The following is an example of the manifest.
{ "arn": "arn:aws:omics:us-east-1:123456789012:run/1695324", "creationTime": "2022-08-24T19:53:55.284Z", "resourceDigests": { "s3://omics-data/broad-references/hg38/v0/Homo_sapiens_assembly38.dict": "etag:3884c62eb0e53fa92459ed9bff133ae6", "s3://omics-data/broad-references/hg38/v0/Homo_sapiens_assembly38.fasta": "etag:e307d81c605fb91b7720a08f00276842-388", "s3://omics-data/broad-references/hg38/v0/Homo_sapiens_assembly38.fasta.fai": "etag:f76371b113734a56cde236bc0372de0a", "s3://omics-data/intervals/hg38-mjs-whole-chr.500M.intervals": "etag:27fdd1341246896721ec49a46a575334", "s3://omics-data/workflow-input-lists/dragen-gvcf-list.txt": "etag:e22f5aeed0b350a66696d8ffae453227" }, "digest": "sha256:a5baaff84dd54085eb03f78766b0a367e93439486bc3f67de42bb38b93304964", "engine": "WDL", "main": "gatk4-basic-joint-genotyping-v2.wdl", "name": "1044-gvcfs", "outputUri": "s3://omics-data/workflow-output", "parameters": { "callset_name": "cohort", "input_gvcf_uris": "s3://omics-data/workflow-input-lists/dragen-gvcf-list.txt", "interval_list": "s3://omics-data/intervals/hg38-mjs-whole-chr.500M.intervals", "ref_dict": "s3://omics-data/broad-references/hg38/v0/Homo_sapiens_assembly38.dict", "ref_fasta": "s3://omics-data/broad-references/hg38/v0/Homo_sapiens_assembly38.fasta", "ref_fasta_index": "s3://omics-data/broad-references/hg38/v0/Homo_sapiens_assembly38.fasta.fai" }, "roleArn": "arn:aws:iam::123456789012:role/OmicsServiceRole", "startedBy": "arn:aws:sts::123456789012:assumed-role/admin/ahenroid-Isengard", "startTime": "2022-08-24T20:08:22.582Z", "status": "COMPLETED", "stopTime": "2022-08-24T20:08:22.582Z", "storageCapacity": 9600, "uuid": "a3b0ca7e-9597-4ecc-94a4-6ed45481aeab", "workflow": "arn:aws:omics:us-east-1:123456789012:workflow/1558364", "workflowType": "PRIVATE" }, { "arn": "arn:aws:omics:us-east-1:123456789012:task/1245938", "cpus": 16, "creationTime": "2022-08-24T20:06:32.971290", "image": "123456789012.dkr.ecr.us-west-2.amazonaws.com/gatk", "imageDigest": "sha256:8051adab0ff725e7e9c2af5997680346f3c3799b2df3785dd51d4abdd3da747b", "memory": 32, "name": "geno-123", "run": "arn:aws:omics:us-east-1:123456789012:run/1695324", "startTime": "2022-08-24T20:08:22.278Z", "status": "SUCCESS", "stopTime": "2022-08-24T20:08:22.278Z", "uuid": "44c1a30a-4eee-426d-88ea-1af403858f76" }, ...

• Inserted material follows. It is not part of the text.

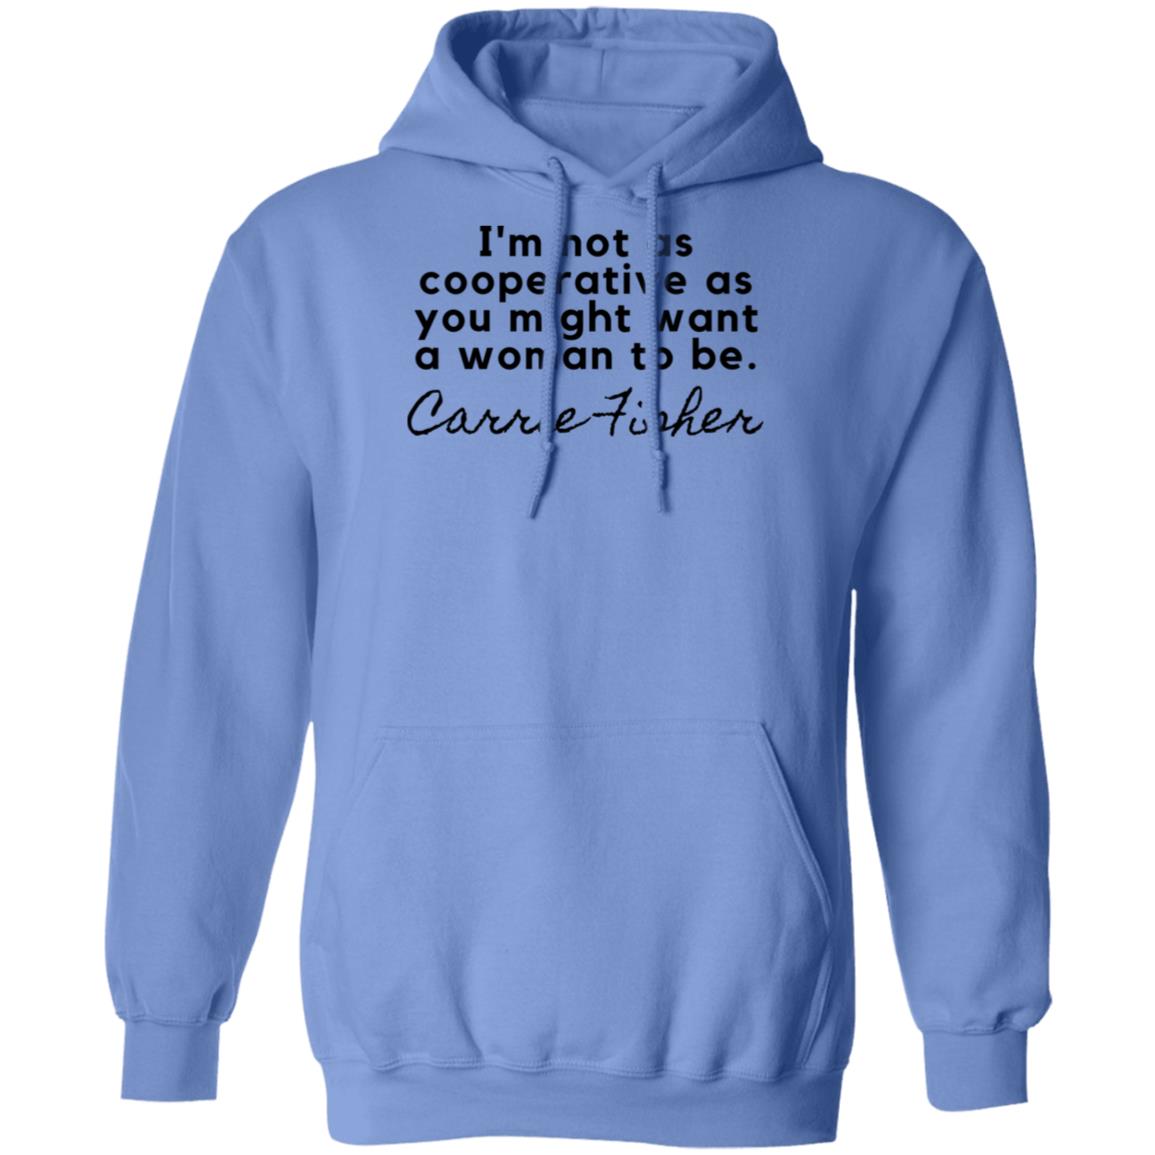 Carrie Fisher Cooperative Woman Quote Hooded Sweatshirt
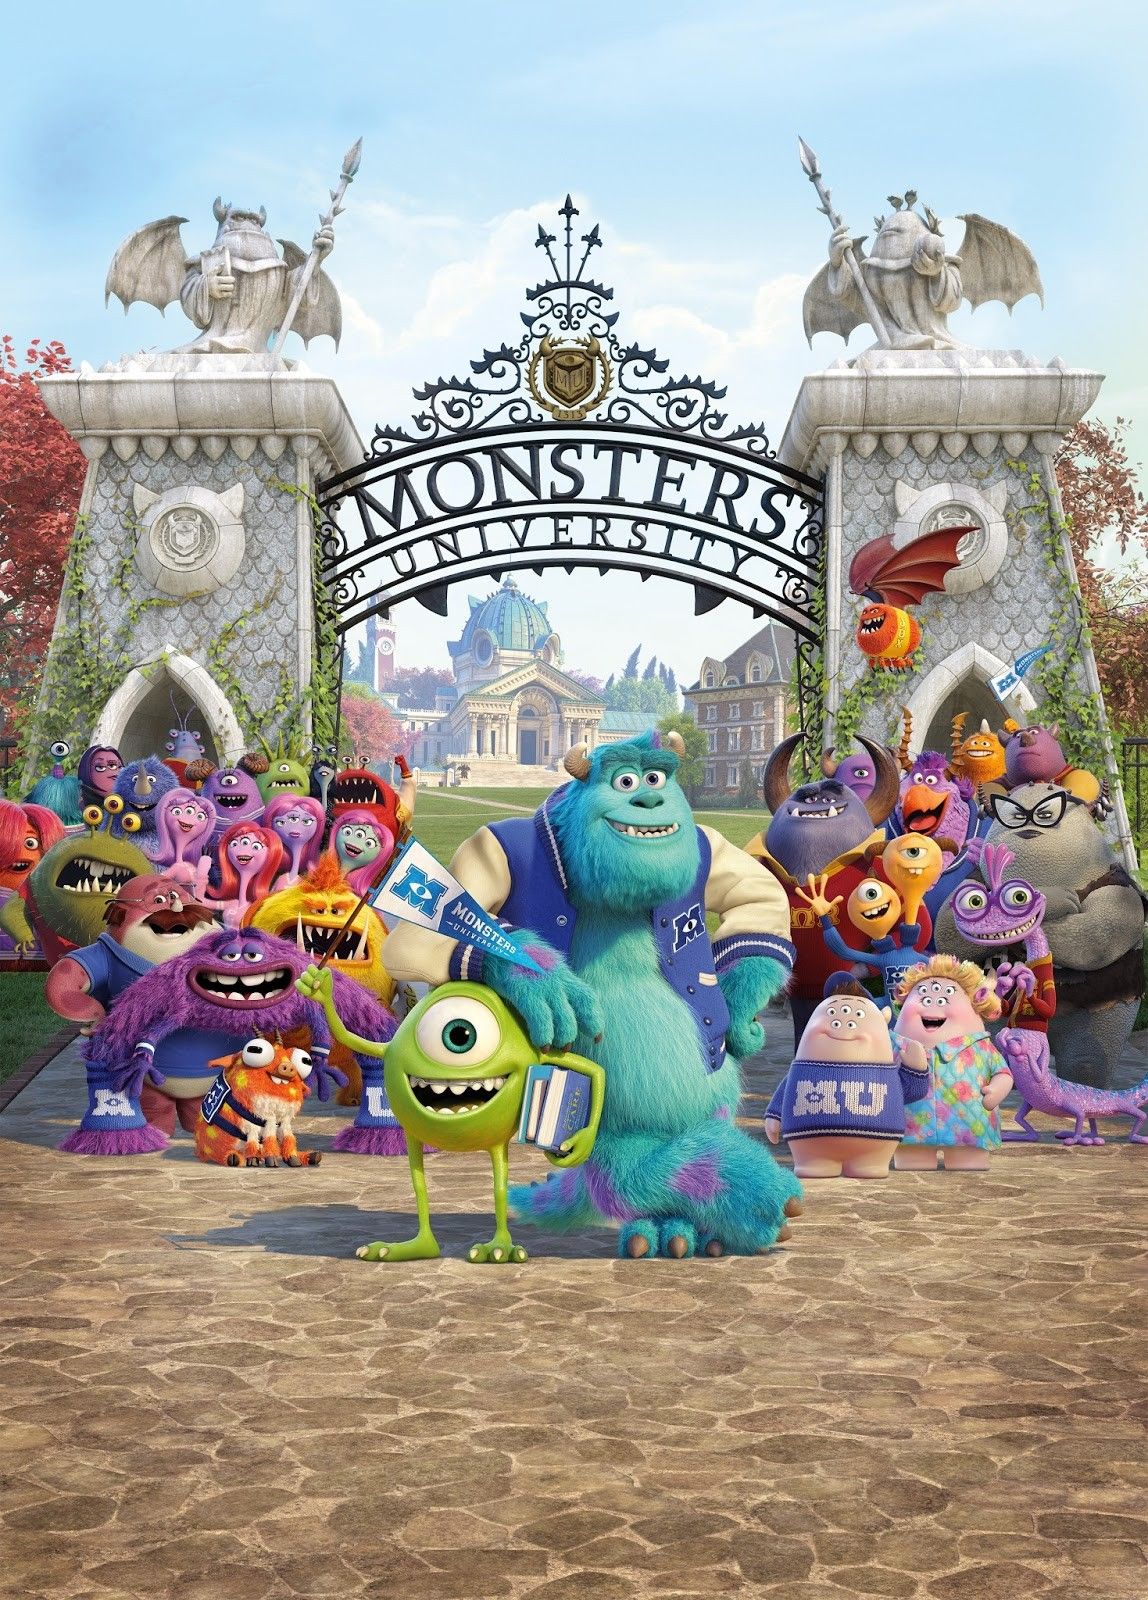 James P. Sullivan, Mike Wazowski and friends from Walt Disney Pictures' Monsters University (2013)

Run metadata isn't deleted if it's not present in the CloudWatch logs. You can also use
the run ID to rerun workflow runs using the CLI tool. Learn more and download the
tool from the HealthOmics
Tool Github repository
Re-running a workflow run
The following is an example of using the tool to rerun a workflow run, using the run ID. You can retrieve an ID for a run the CloudWatch logs.
omics-rerun 9876543 --name
--retention-mode REMOVE
workflow name
If the run exists in CloudWatch, you receive a response similar to the following.
Original request: { "workflowId": "9679729", "roleArn": "arn:aws:iam::123456789012:role/DemoRole", "name": "sample_rerun", "parameters": { "image": "123456789012.dkr.ecr.us-west-2.amazonaws.com/default:latest", "file1": "omics://123456789012.storage.us-west-2.amazonaws.com/8647780323/readSet/6389608538" }, "outputUri": "s3://workflow-output-bcf2fcb1" } StartRun request: { "workflowId": "9679729", "roleArn": "arn:aws:iam::123456789012:role/DemoRole", "name": "new test", "parameters": { "image": "123456789012.dkr.ecr.us-west-2.amazonaws.com/default:latest", "file1": "omics://123456789012.storage.us-west-2.amazonaws.com/8647780323/readSet/6389608538" }, "outputUri": "s3://workflow-output-bcf2fcb1" } StartRun response: { "arn": "arn:aws:omics:us-west-2:123456789012:run/9171779", "id": "9171779", "status": "PENDING", "tags": {} }
If the workflow no longer exists, you receive an error message.